[파이썬] Beautiful Soup 4 `children` 및 `descendants` 속성 사용

Beautiful Soup is a powerful Python library for web scraping. It allows you to extract data from HTML and XML documents in an intuitive and convenient way. One of the key features of Beautiful Soup is the ability to navigate and search through the parsed document using various methods and attributes.

In this blog post, we will focus on two important attributes in Beautiful Soup 4: children and descendants. These attributes provide us with different ways to access and manipulate the elements within an HTML/XML document.

children 속성

The children attribute is used to access the direct children of an element. It returns a generator object that yields the immediate children elements of the given element.

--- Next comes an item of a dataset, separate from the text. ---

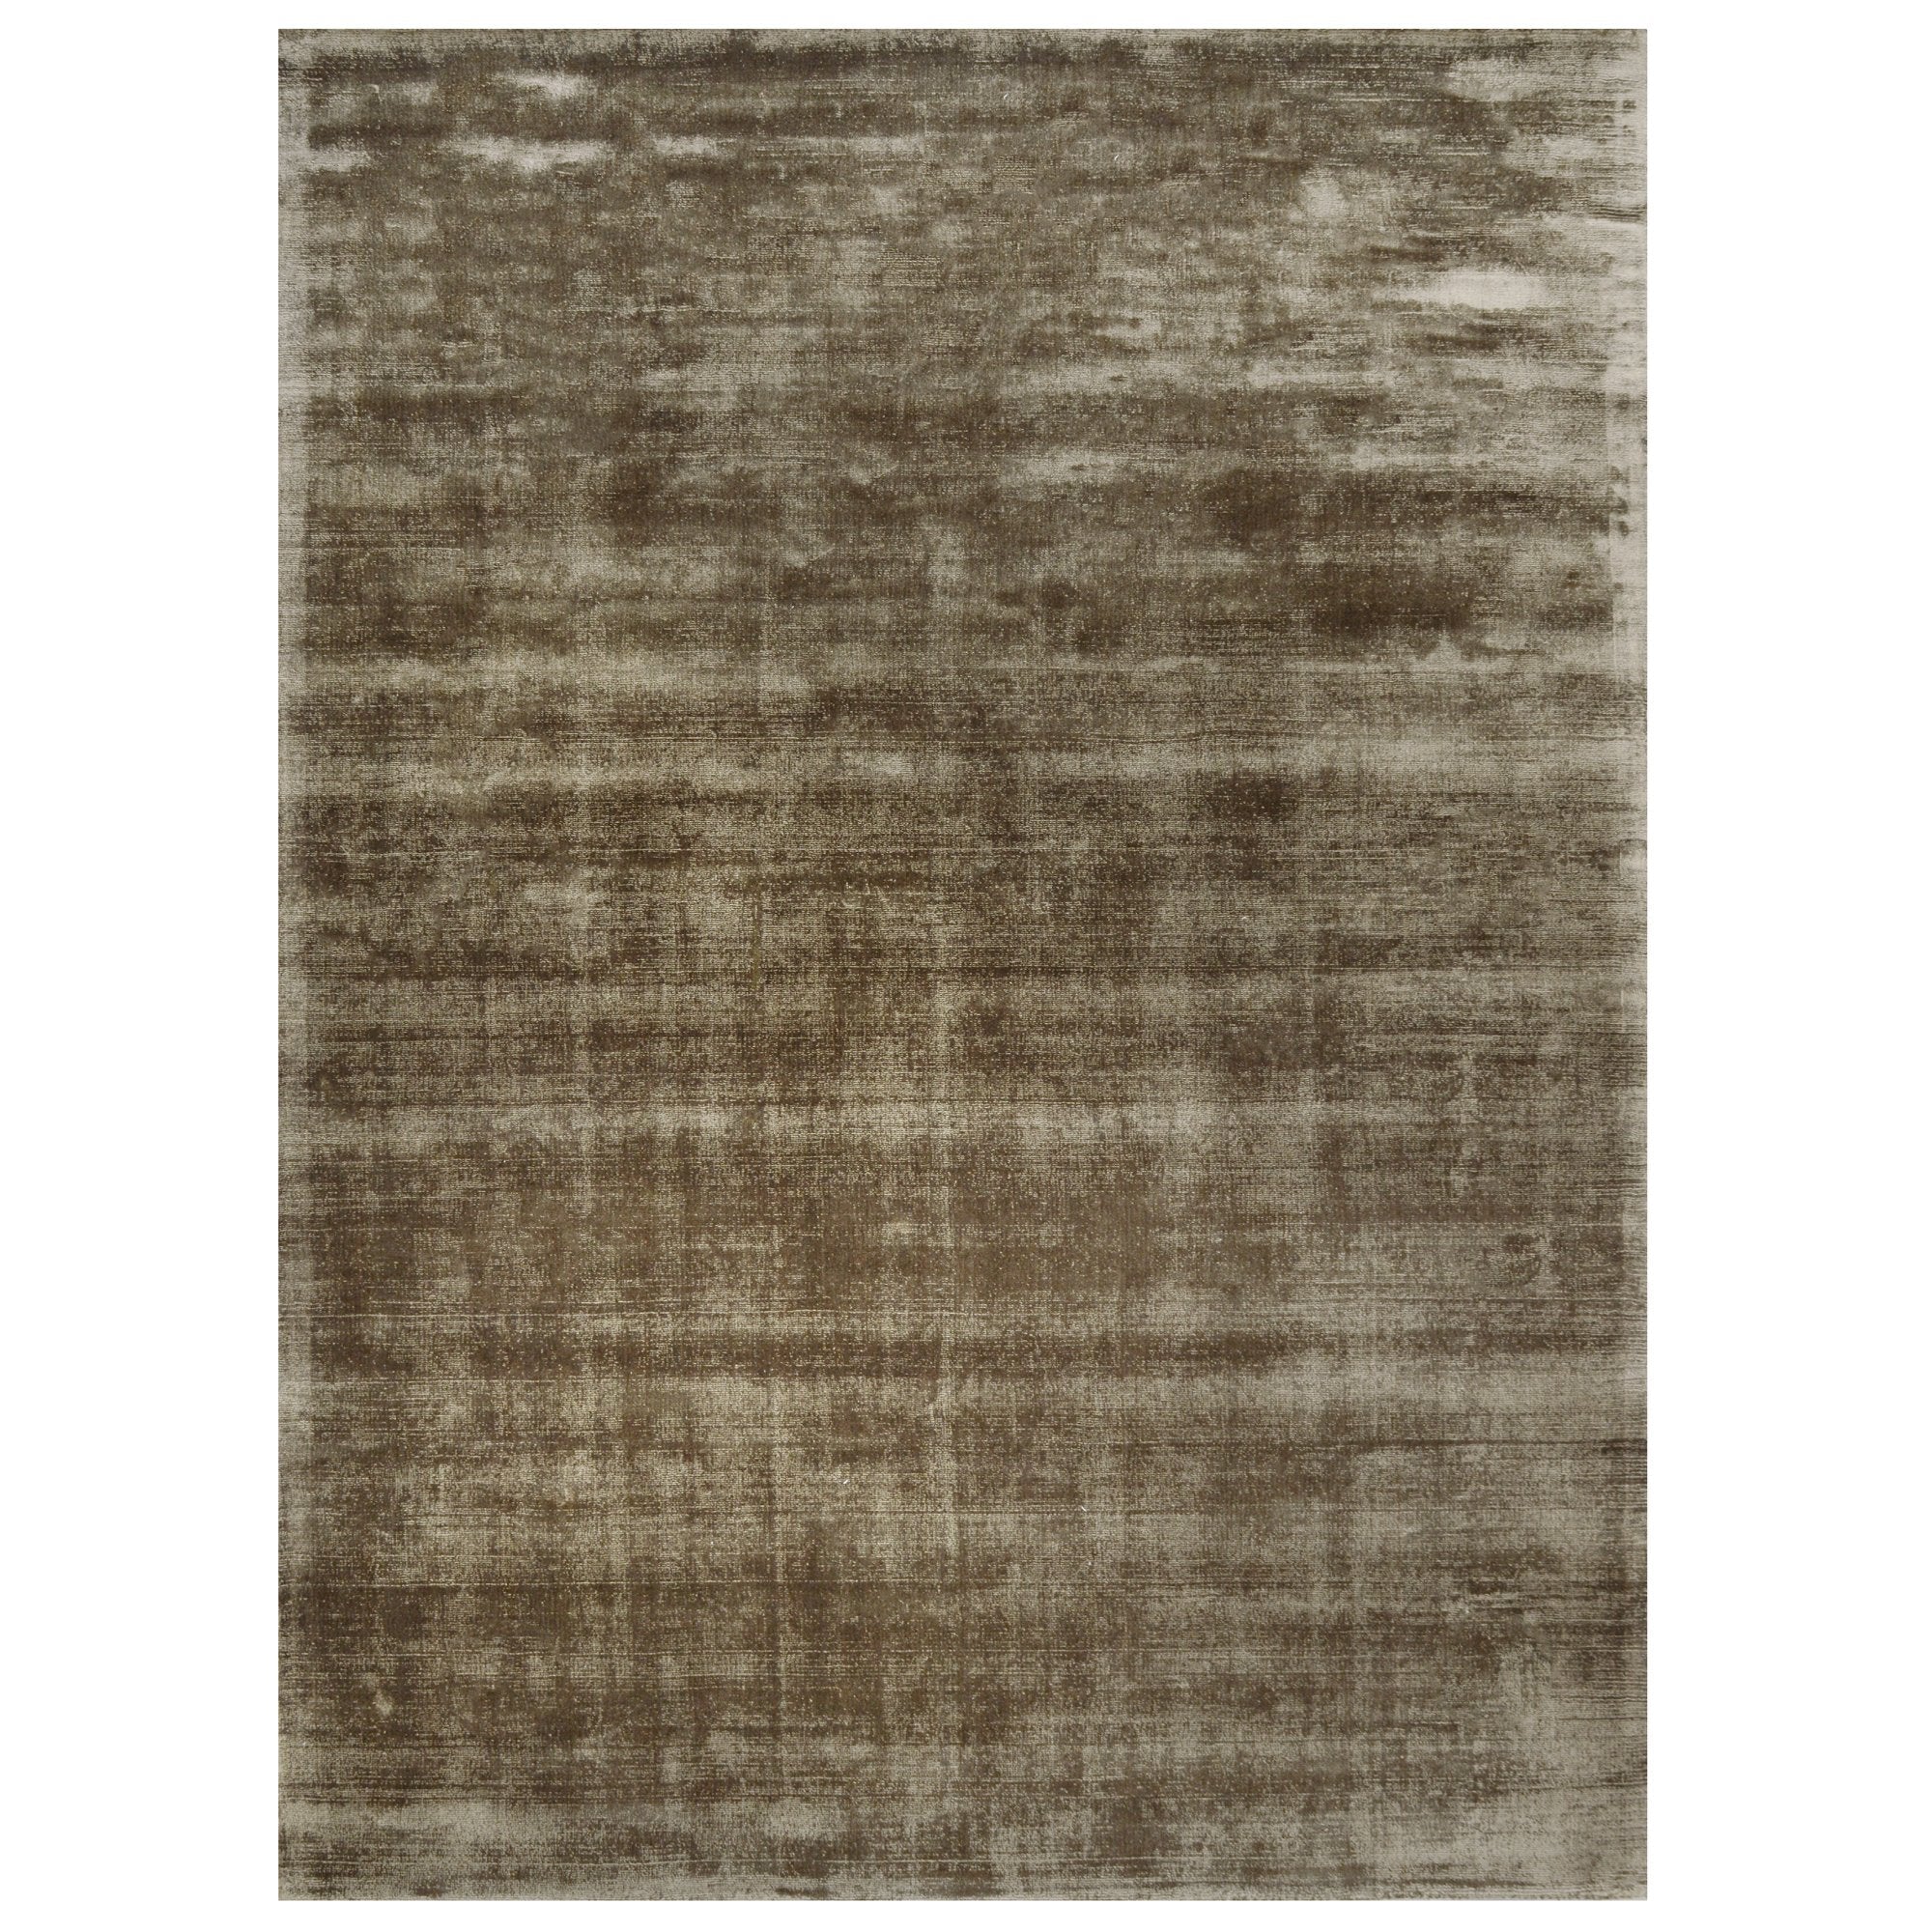 Sand Color Rugs Tencel Ultra-Soft Hand Knotted in India 5' X 8' Rugs for Dining Room
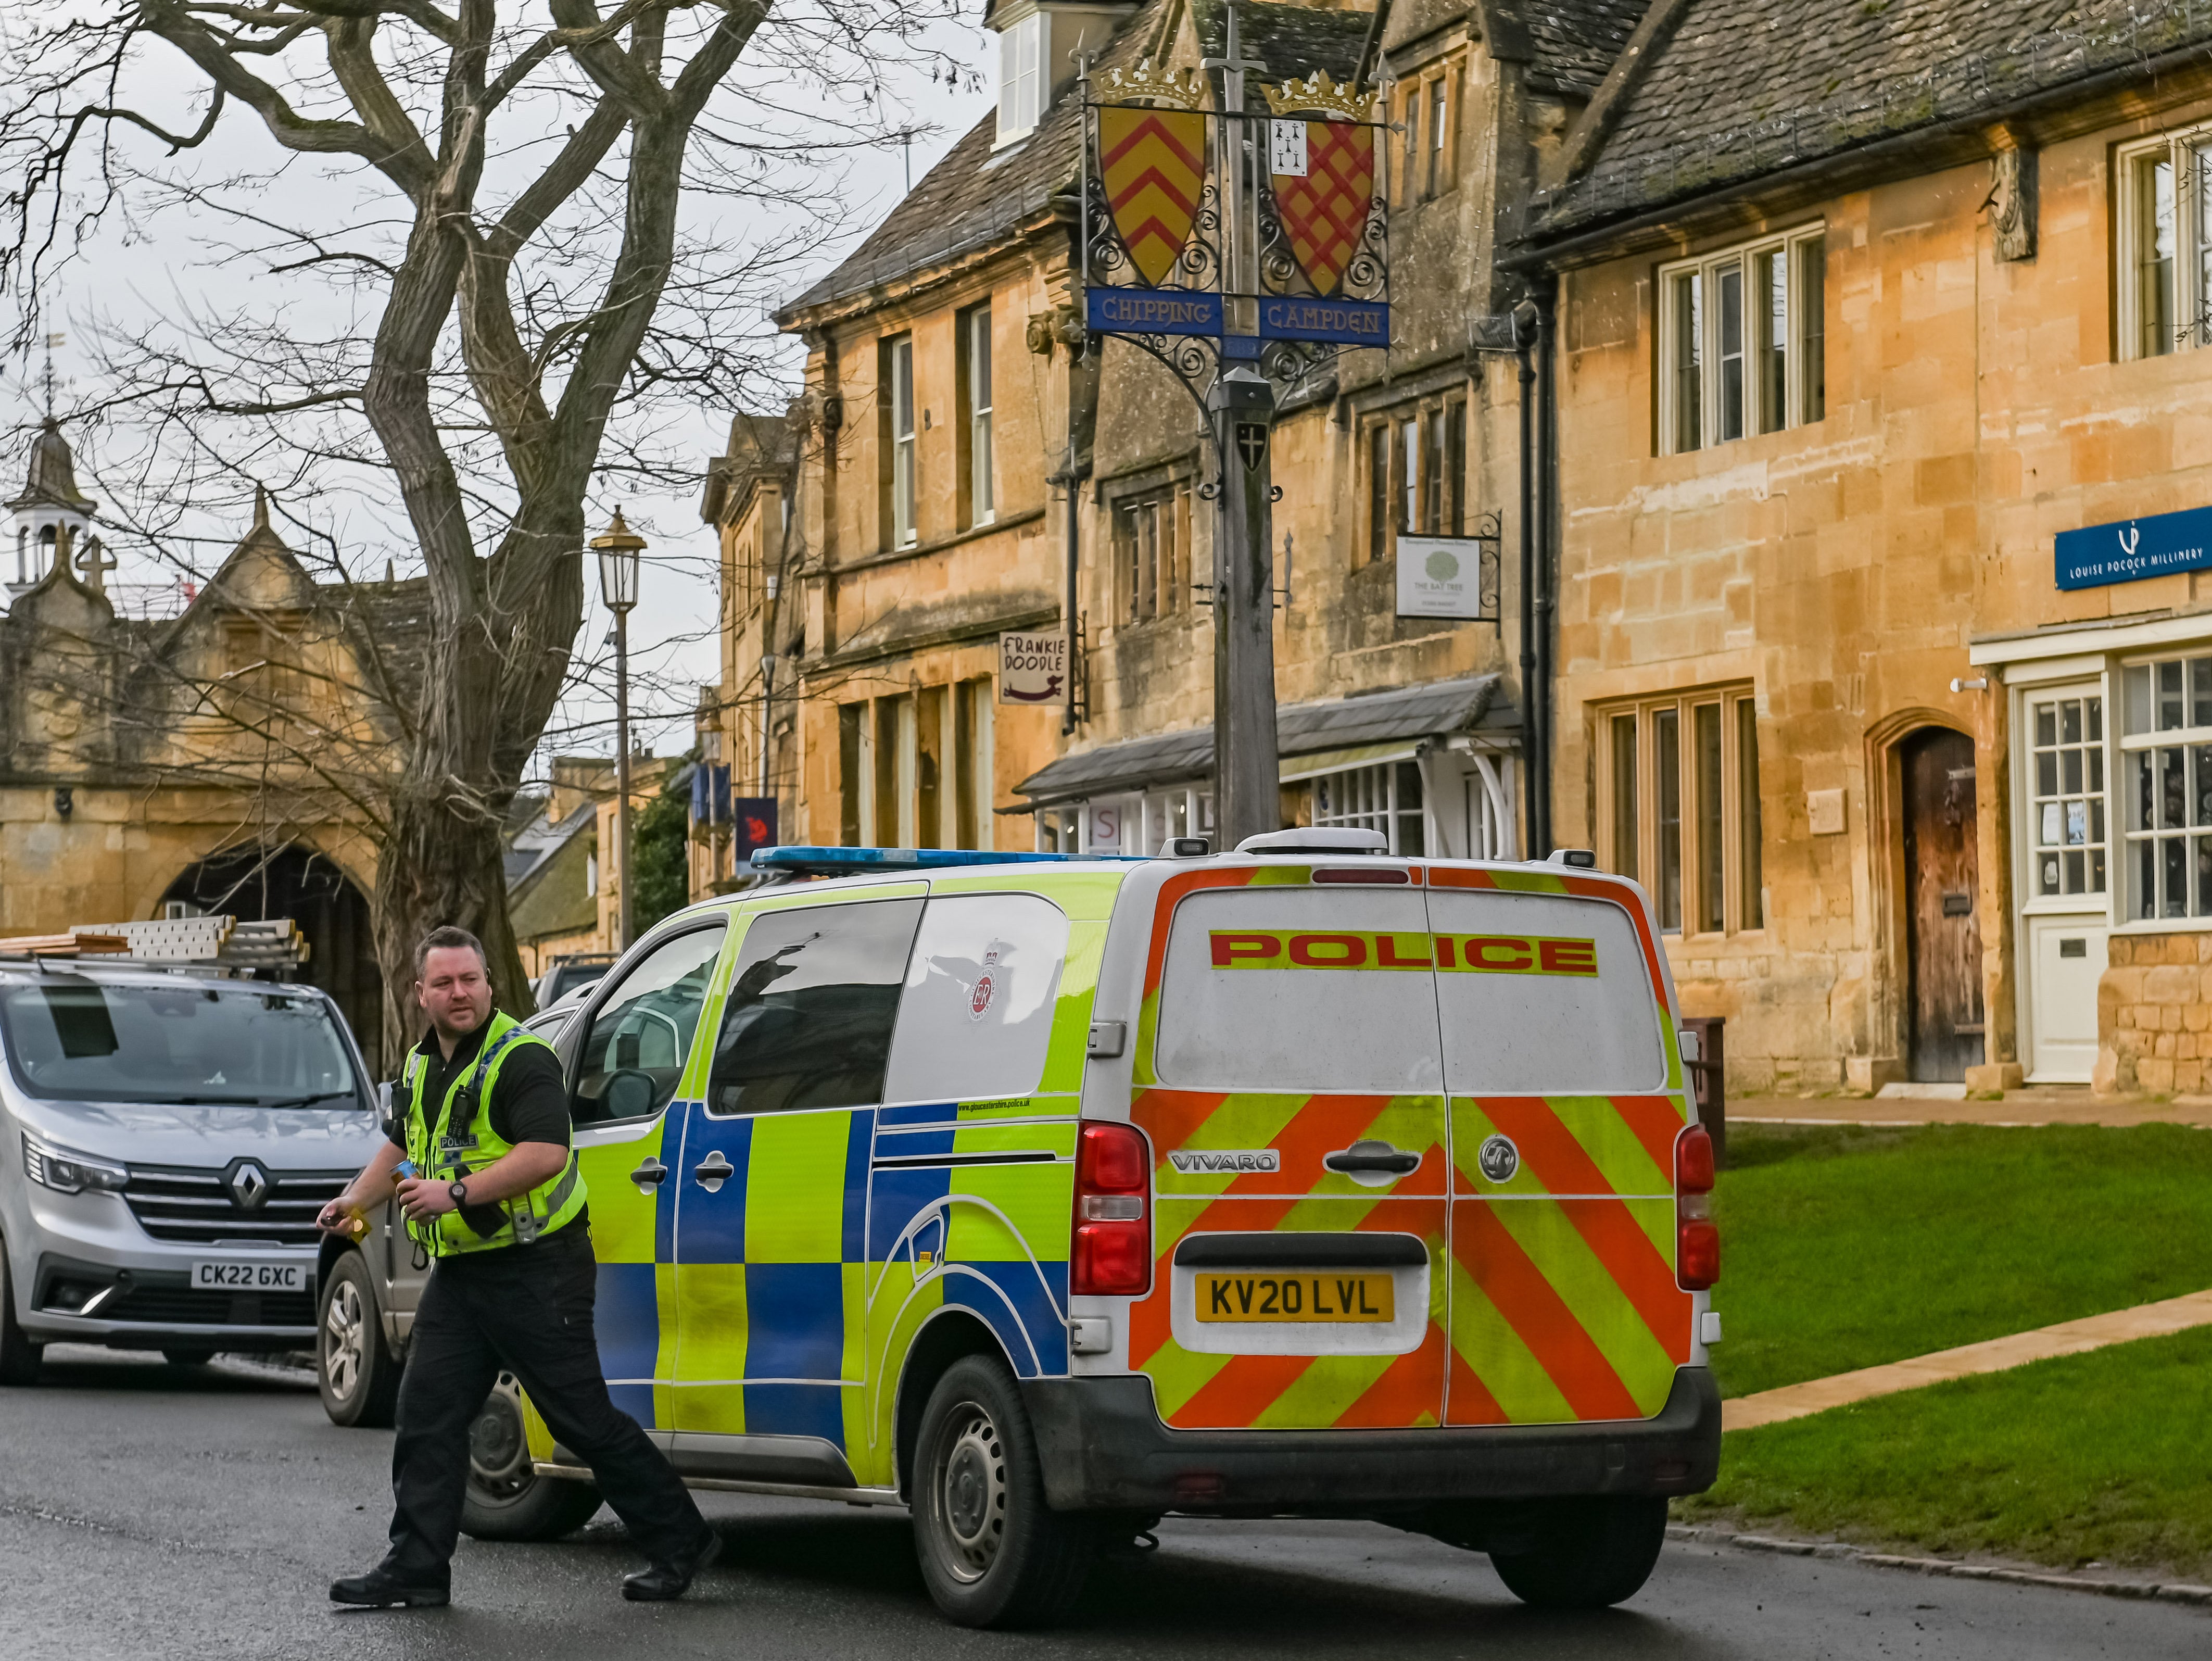 Police at the scene of the death in Chipping Campden

Here’s an example to demonstrate its usage:

from bs4 import BeautifulSoup

html = """
<html>
  <body>
    <div>
      <h1>Beautiful Soup 4</h1>
      <p>A Python library for web scraping</p>
    </div>
  </body>
</html>
"""

soup = BeautifulSoup(html, 'html.parser')
div_element = soup.find('div')

for child in div_element.children:
    print(child)

In the above example, we have an HTML document with a div element containing an h1 and a p element. We use the find method to locate the div element and then iterate over its children. The output of the above code will be:

<h1>Beautiful Soup 4</h1>
<p>A Python library for web scraping</p>

As you can see, the children attribute only returns the immediate children elements of the given element.

descendants 속성

The descendants attribute is used to access all the descendants of an element, recursively. It returns a generator object that yields all the descendants of the given element.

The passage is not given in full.